# hexagonal pyramid height

• Feb 17th 2010, 05:09 AM
Mukilab
hexagonal pyramid height
I need to calculate the height of a hexagonal pyramid given the base length sides as 2cm and the slant edges as 6cm from each vertex.

The formula?
• Feb 17th 2010, 05:55 AM
davesymm
Quote:

Originally Posted by Mukilab
I need to calculate the height of a hexagonal pyramid given the base length sides as 2cm and the slant edges as 6cm from each vertex.

The formula?

If I understand your question correctly then you have a six sided pyramid (with a regular hexagonal base) with side lengths 2cm and corner to top-point length 6cm?

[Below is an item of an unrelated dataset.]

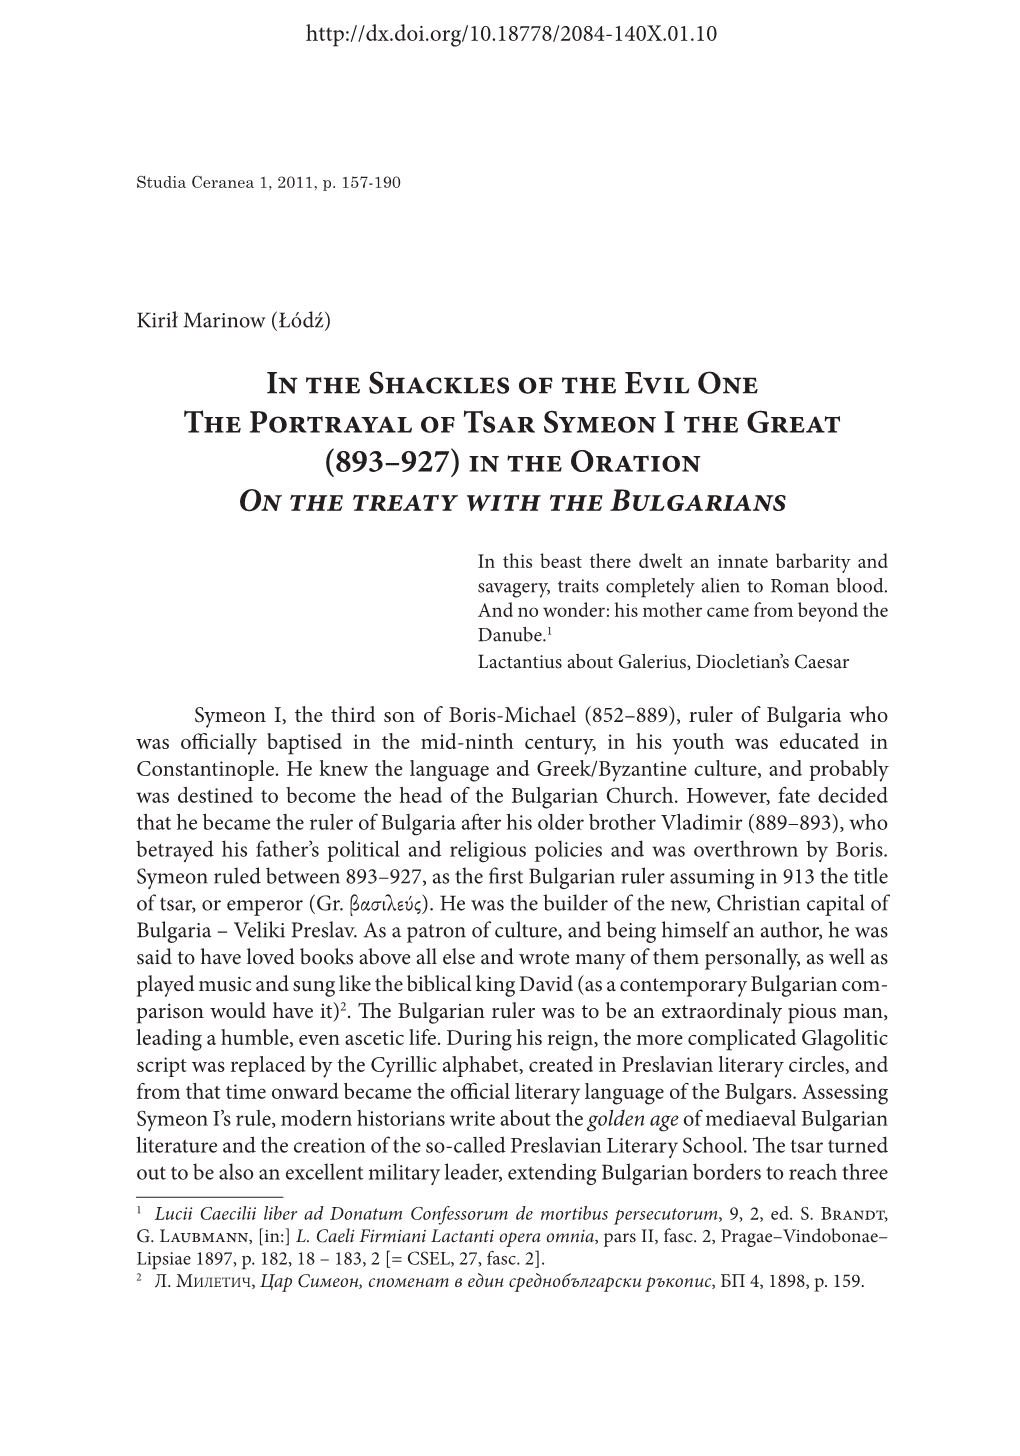 The Portrayal of Tsar Symeon I the Great (893–927) in the Oration on the Treaty with the Bulgarians

If so, a regular hexagon is made up of six regular (equilateral) triangles, so you know the distance from a corner to the centre of the hexagon is also 2cm. If you take a cross section of the pyramid across two opposite corners you will have a 2d triangle of which you know the length of the base and hypotenuse. You should be able to work out the height using standard trig from here :)
• Feb 17th 2010, 08:52 AM
Diagonal
The [regular] hexagon consists of six equilateral triangles, all sides of length 2 cm. A diagonal of the hexagon then has length 4. If you drop a perpendicular to the center, you'll have a right triangle with hypotenuse 6, and one side 2. The other side, the altitude or height, can be found using Pythagoras.